In 2002 artist Sean Hall, placed a bet with William Hill that collector Charles Saatchi would buy the betting slip for £1000 or more. At odds of 1:2 William Hill obviously reckon there is a good chance that he will in fact do so. The bet is for £10 and expires on 31 December 2005.

The betting slip was first exhibited at the Stuckism International Centre (London). It is for sale for £10,000, which we feel represents excellent value for the discerning collector.

Notes on Sean Hall
Sean Hall was born in 1961 in Lambeth. He attended Ravensbourne and Camberwell Colleges of Art and is currently a lecturer at Goldsmiths College. He has a CV as long as your arm, including Whitechapel Gallery and Royal Academy, and will be exhibiting at the Victoria and Albert Museum in February 2003.

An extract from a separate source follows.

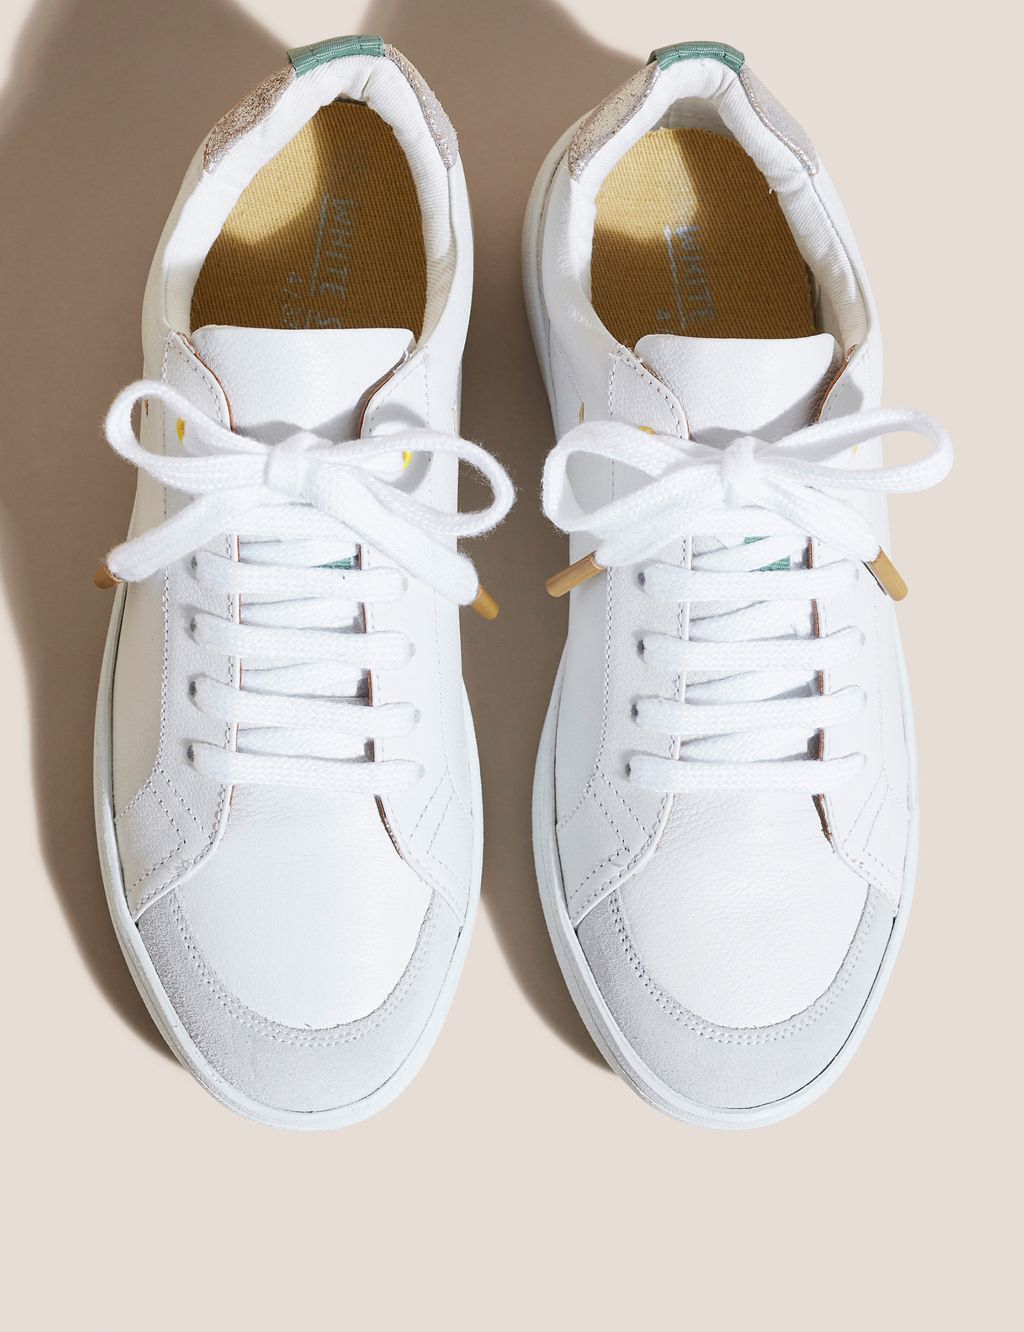 Leather Lace Up Trainers image 4

Sean Hall is not a member of the Stuckist Art Group.

So far the fabled betting slip has been featured in The Evening Standard Londoner's Diary, Channel 4 TV 'Sports Talk' (well, why not?), and on Dutch TV.

We now find Stuckism, Goldsmiths College (where all the Brit Artists were trained) and William Hill, the bookies, in a healthy, if unpredicted, alliance. All have sent out a press release on the Saatchi bet.

Goldsmiths are more naturally more restrained and erudite:

Says the artist, Sean Hall: “This piece comments on the role that patrons like Charles Saatchi play in determining what is and is not accorded the status of "art", and the value that is then placed on the objects deemed art. This is an alternative viewpoint to the one which says art is art because the artist says it is, as suggested by the works of people like Tracey Emin.”
Continues Sean: “Art works on a system of subjective values that are not determinately true or false. Because this is a real bet, it will be judged against an impartial outcome: it either wins or loses. This contrasts with the bet as "art", which involves a much more subjective judgment.”

William Hill have no such scruples:

"I don't know much about art, but I know what I like" said William Hill spokesman Graham Sharpe, "And if Sean can persuade a mug, sorry, serious collector of art, to pay thousands of pounds for a betting slip which can only be worth a maximum of fifteen pounds I expect a massive increase of business in our betting shops!"

"Sean insisted on very short odds apparently to add artistic merit to his work, and we were happy to go along with that" said Sharpe.

Goldsmiths College issued a Press Release which is no longer online.
Contact: Janet Aikman, External Communications, telephone 020 7919 7909, fax 020 7919 7975, e-mail ext-comms@gold.ac.uk

So did William Hill but that's no longer online either.